Kennedy again: “Many social media platforms collect data to identify their users’ ‘hot buttons’—divisive issues that create strong emotional responses or reactions. The companies then employ algorithms that intentionally show their users content designed to agitate them.”
Kennedy’s bill reminds me of some work from our econ lab, which I detailed in this Twitter thread:
Big changes are underfoot at the FTC. Chair Lina Khan announced an open meeting for this week, the second in less than a month. The Policy Statement on Prior Approval and Prior Notice Provisions in Merger Cases will likely be rescinded while a proposed Policy Statement on Repair Restrictions Imposed by Manufacturers and Sellers will likely be adopted. Draft language on the proposed policy has yet to be released.
Both Facebook and Amazon have sought the recusal of Chair Khan from their pending FTC cases.
Also in the FTC space, Tyler Cowen also alerted me to this: “While some staff turnover in the wake of an administration change is routine, law firm leaders said the number of agency lawyers seeking out career options outside the FTC appears to be high now and they are anticipating more later in the year. They attribute that, at least in part, to agency lawyers who have different views compared with [Chair] Khan’s ideas of what constitutes antitrust behavior and how to bring cases. In particular, private practice antitrust lawyers told the National Law Journal that some senior career lawyers at the FTC, including people who did not vote for President Donald Trump, might not align with Khan’s vision of antitrust enforcement or they are uncomfortable with the work they may be asked to do.” Is the deep state anything more than the bureaucratic state? [Law.com]
Yet another week has passed and still, the White House has yet to nominate a lead for DOJ’s antitrust division. In April, Jonathan Kanter and Jonathan Sallet were rumored as the top picks.
On the Cuba front:
Big tech isn’t a monolith as Emily Birnbaum reports in Politico: “The declining prominence of IA, a nine-year-old group that used to call itself ‘the unified voice of the internet economy,’ comes as a larger fragmentation is splitting the tech industry’s lobbying efforts into factions, according to more than a dozen current and former employees, congressional aides and tech company employees who spoke to POLITICO on condition of anonymity. But they said the association’s internal dysfunction has also diminished its impact in Congress and in public debates about Silicon Valley’s expanding array of lawsuits, legislation and regulatory threats.”
The biggest threat to Facebook probably isn’t antitrust scrutiny, but the changing ad ecosystem, especially those brought on by iOS 14.5. From Bloomberg: “Facebook advertisers, in particular, have noticed an impact in the last month. Media buyers who run Facebook ad campaigns on behalf of clients said Facebook is no longer able to reliably see how many sales its clients are making, so it’s harder to figure out which Facebook ads are working. Losing this data also impacts Facebook’s ability to show a business’s products to potential new customers. It also makes it more difficult to ‘re-target’ people with ads that show users items they have looked at online, but may not have purchased.”
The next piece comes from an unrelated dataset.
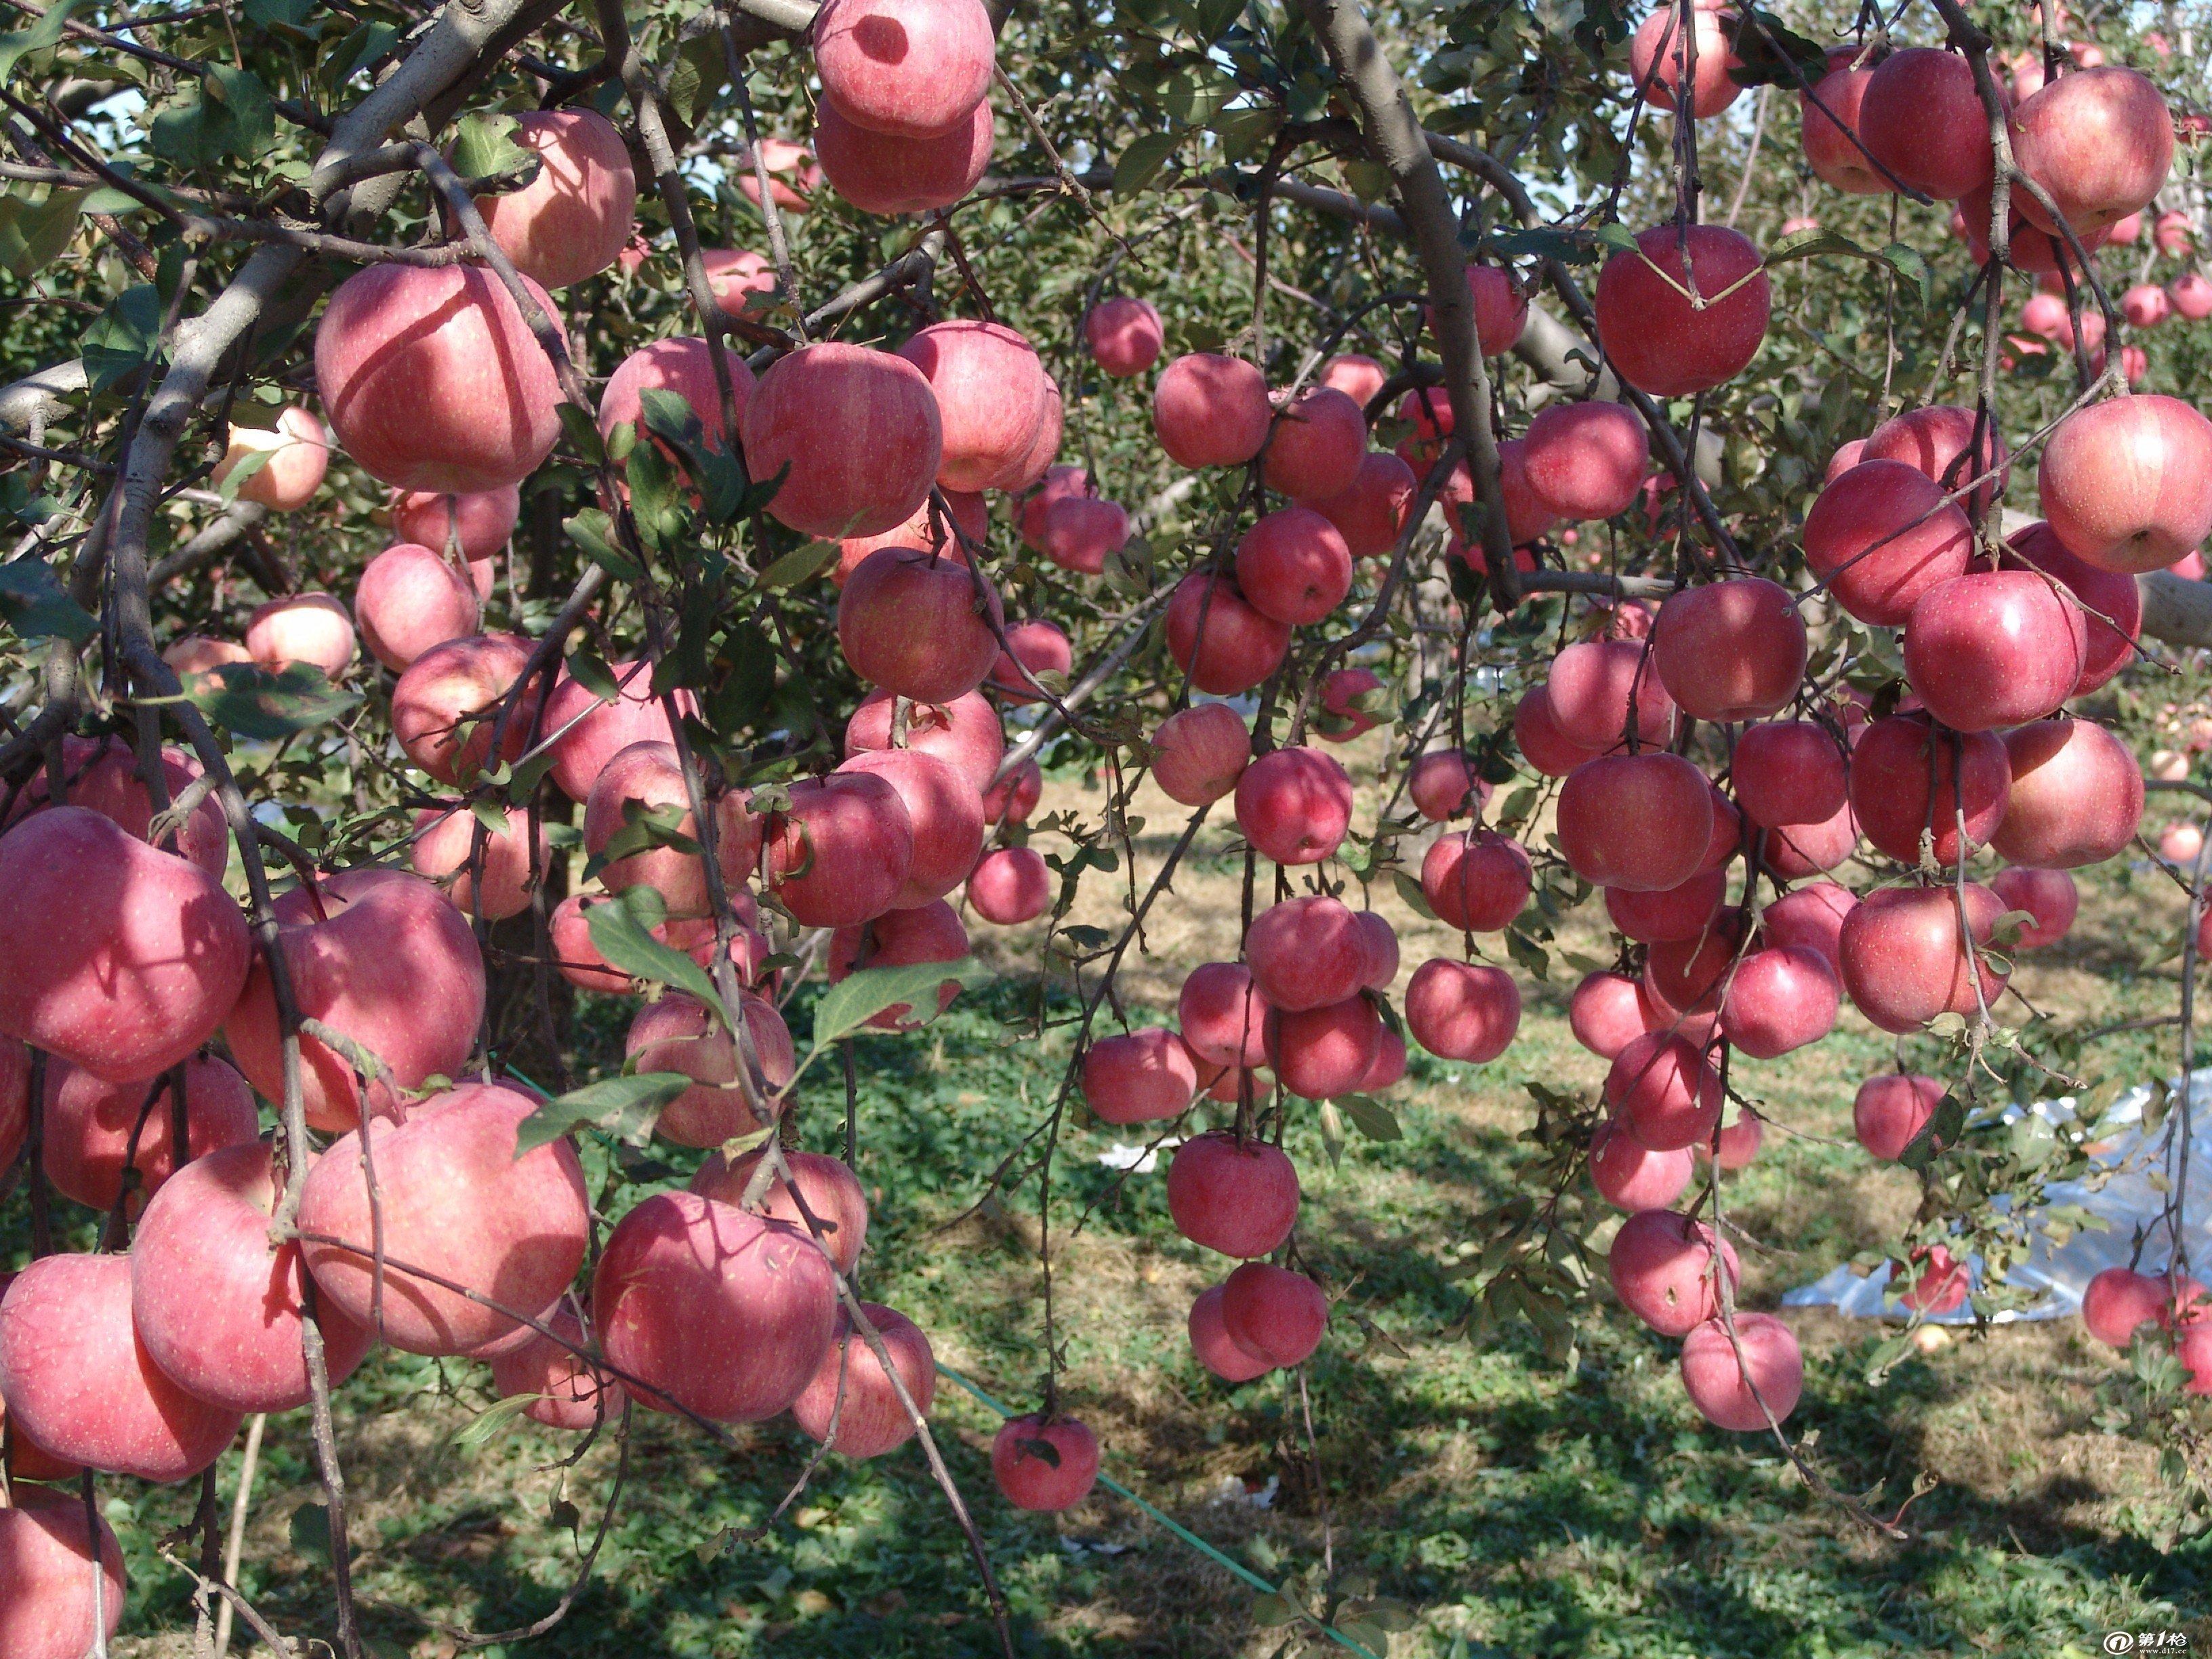 全国包邮! 桃树葡萄油桃苹果反光膜 果树反光膜 厂家 价格 河北

From the WSJ: “Tinuiti’s Facebook clients went from year-over-year spend growth of 46% for Android users in May to 64% in June. The clients’ iOS spending saw a corresponding slowdown, from 42% growth in May to 25% in June. Android ad prices are now about 30% higher than ad prices for iOS users, Mr. Taylor said. Tinuiti clients’ overall spending on Facebook increased—Android users gained a greater share of it, Mr. Taylor said.”
The EU is delaying a proposed digital tax. The NYT: “The United States secured a diplomatic victory in Europe on Monday when European Union officials agreed to postpone their proposal for a digital levy that threatened to derail a global effort to crack down on tax havens.”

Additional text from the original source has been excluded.